Leaving the pictures aside, repeat every line below exactly.

» **Information shown**
▼▼▼
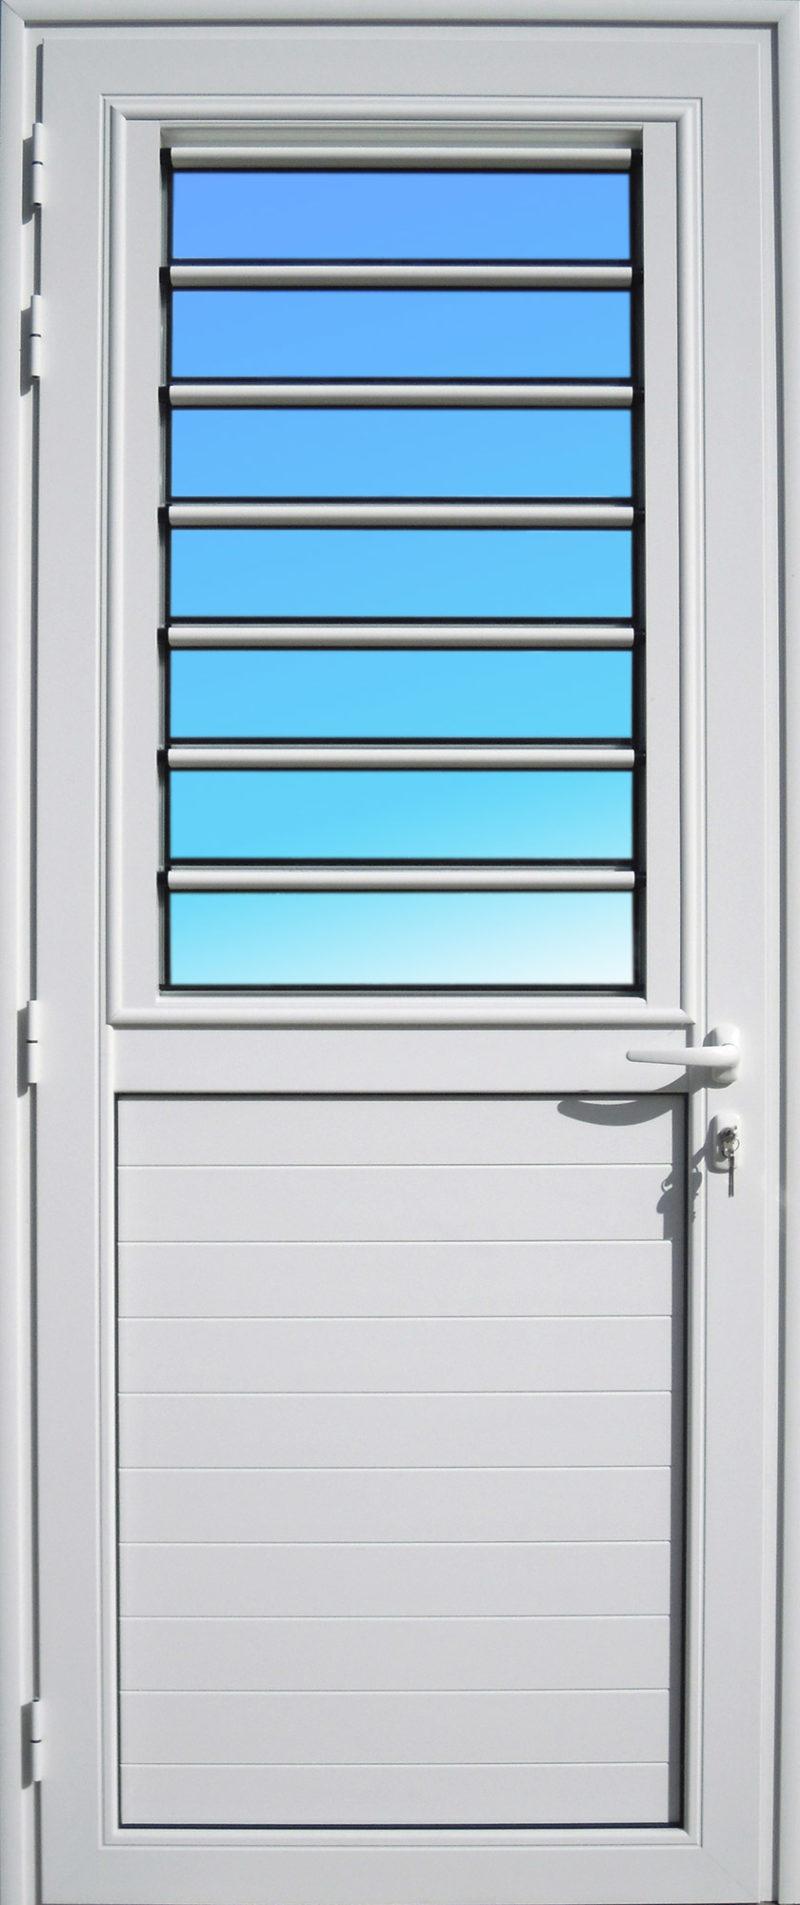 Porte aluminium laqué blanc PE15 ABD FERMETURES de la gamme Alizés, avec jalousie fixe en lames de verre.
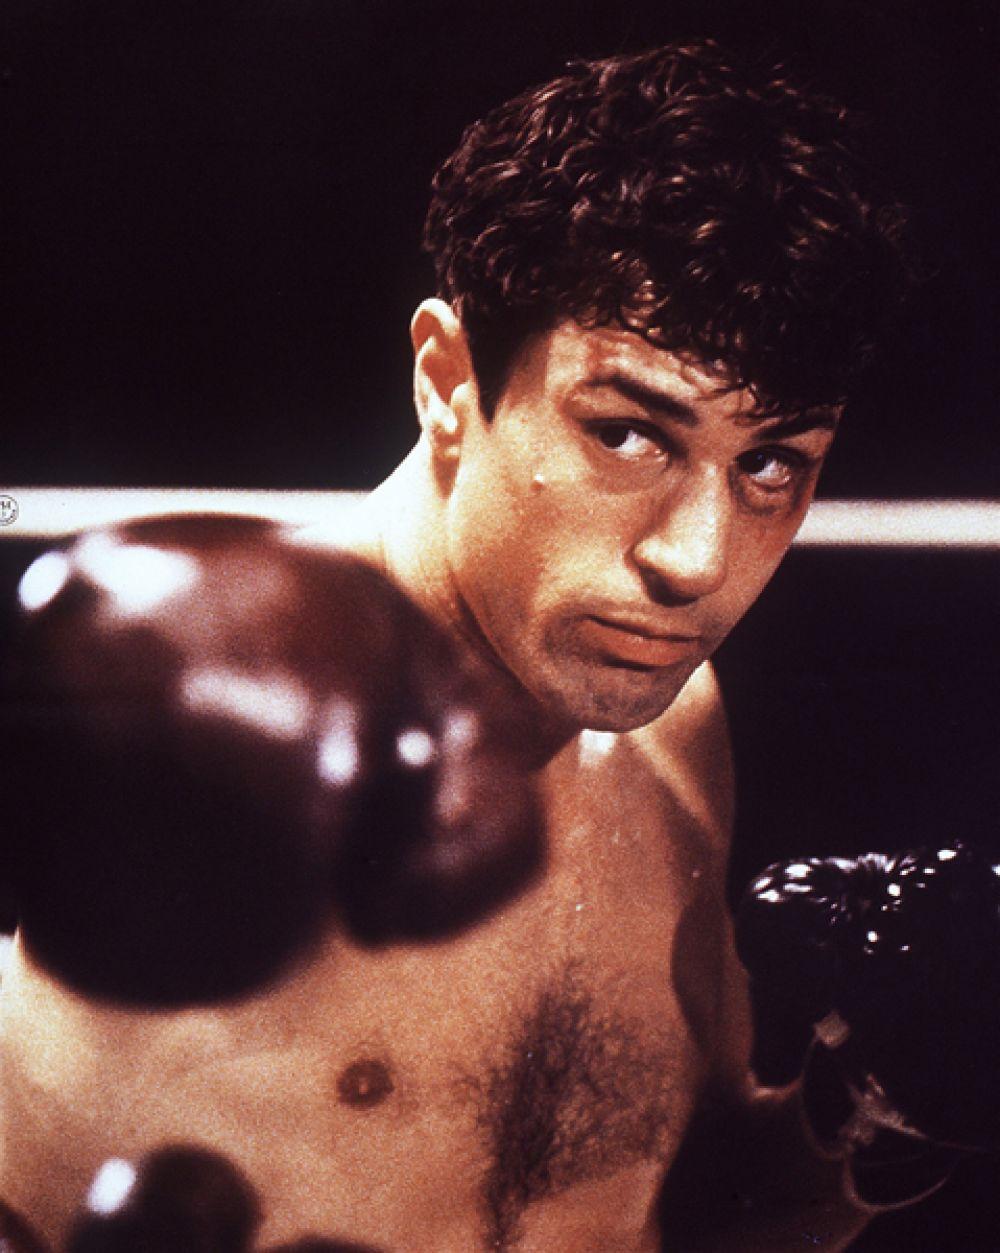 Работа Мартина Скорсезе «Бешеный бык» (1980), поставленная по мотивам воспоминаний боксера Джейка Ламотты, завоевала две премии «Оскар», а Де Ниро получил награду за лучшую мужскую роль.
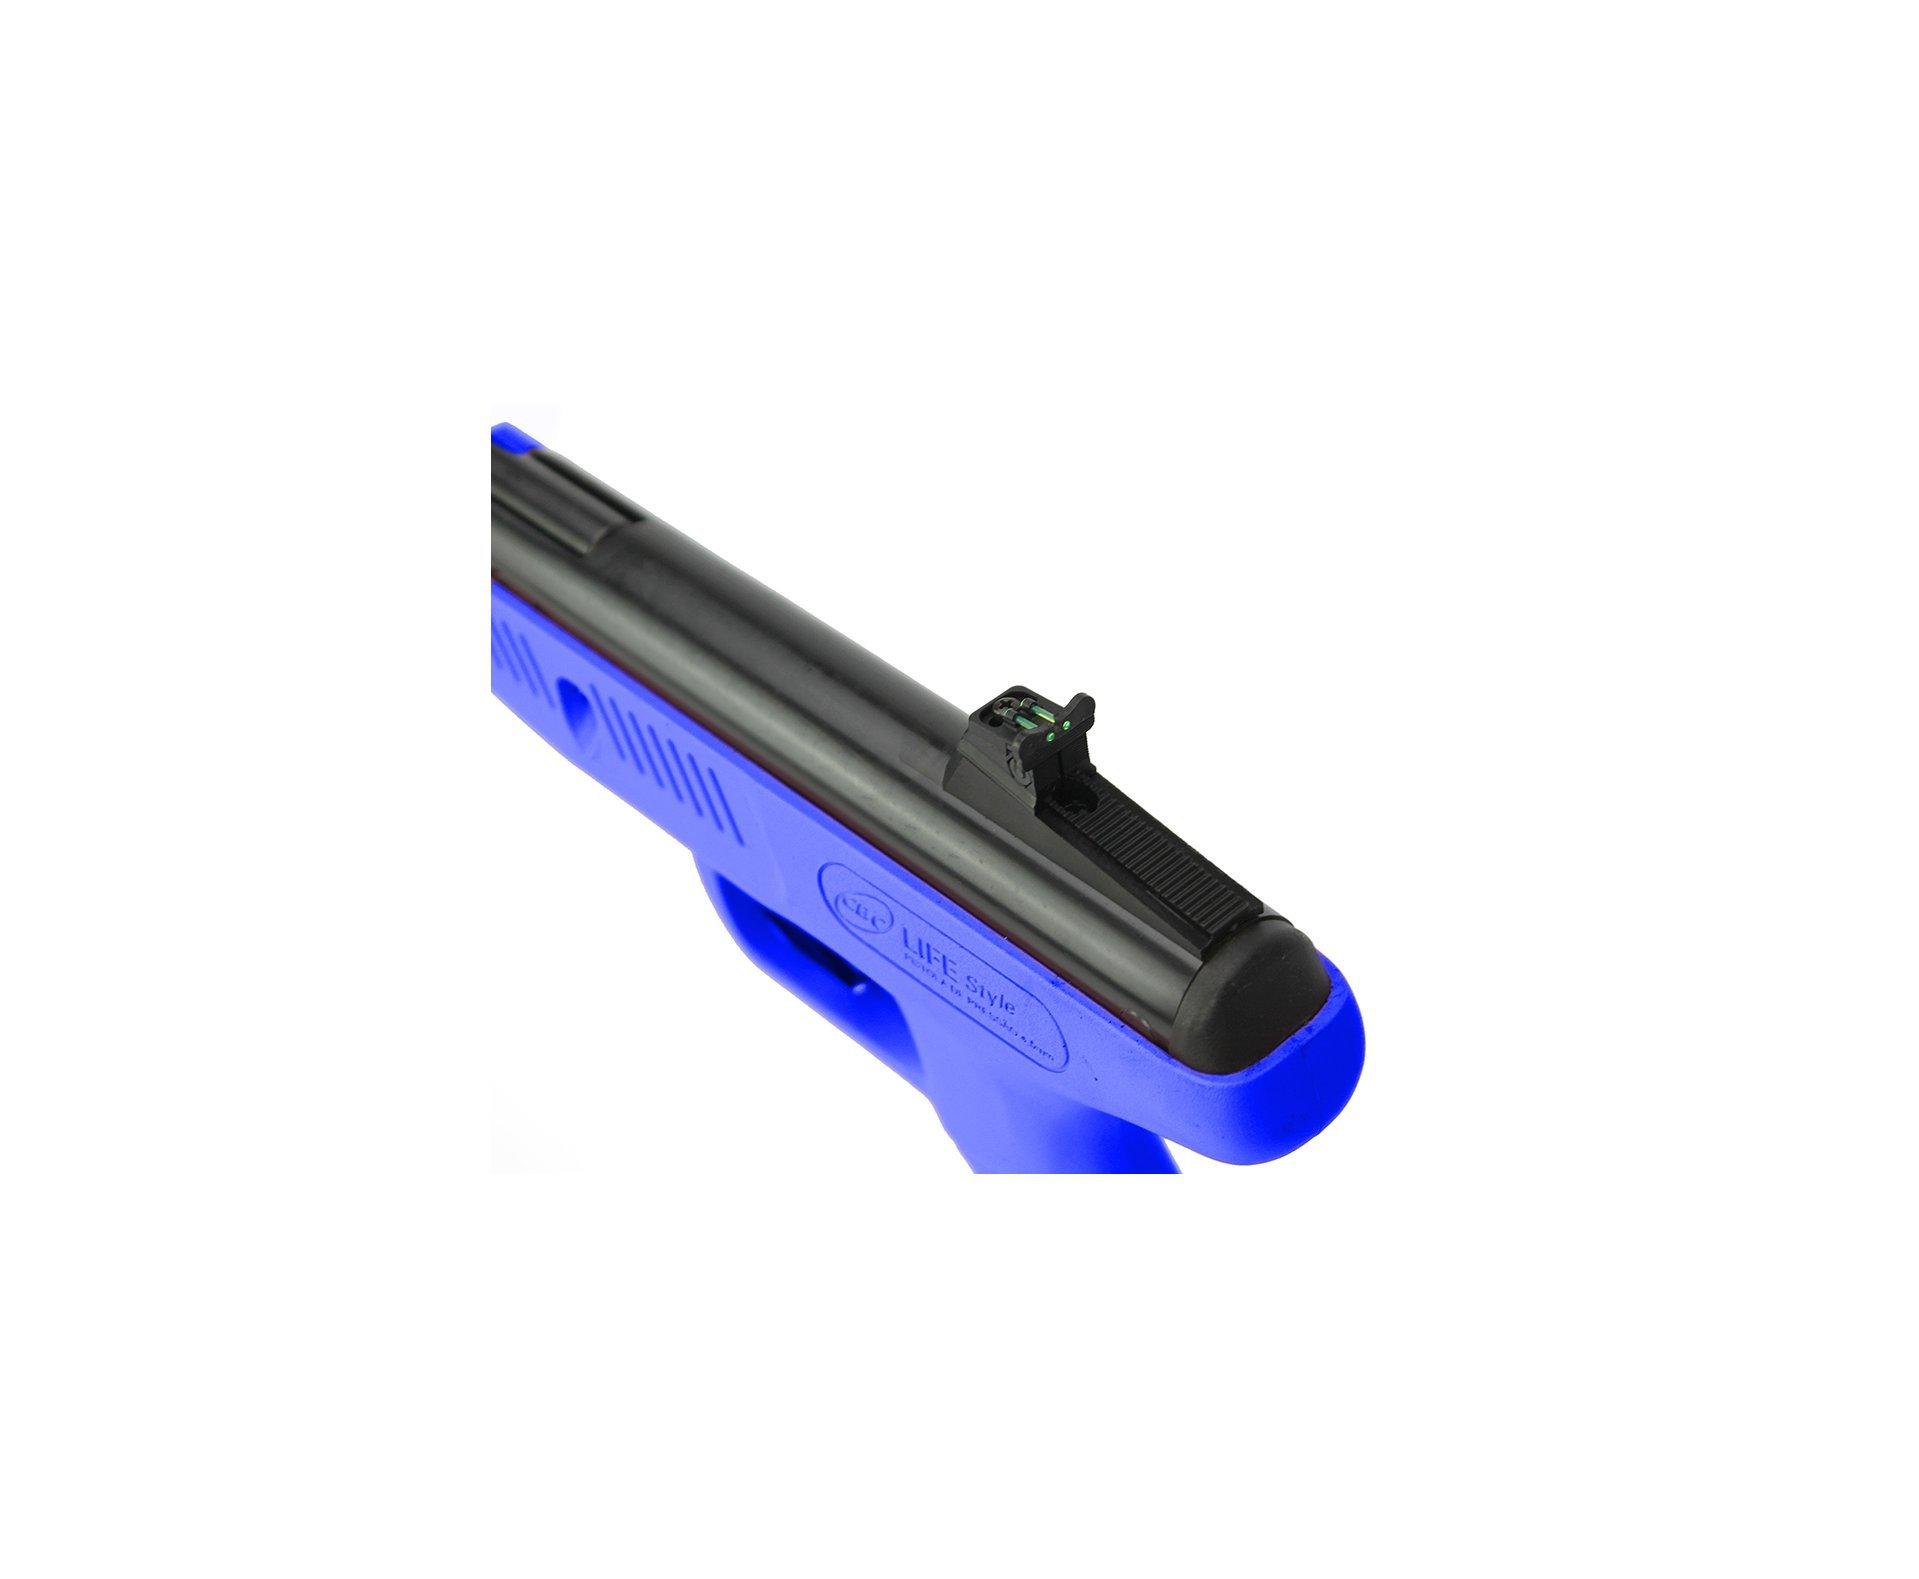 Pistola De Pressão Cbc Life Style Azul - Calibre 4,5 Mm
▲▲▲
» **Finished task**
 Porte aluminium laqué blanc PE15 ABD FERMETURES de la gamme Alizés, avec jalousie fixe en lames de verre.
 Работа Мартина Скорсезе «Бешеный бык» (1980), поставленная по мотивам воспоминаний боксера Джейка Ламотты, завоевала две премии «Оскар», а Де Ниро получил награду за лучшую мужскую роль.
 Pistola De Pressão Cbc Life Style Azul - Calibre 4,5 Mm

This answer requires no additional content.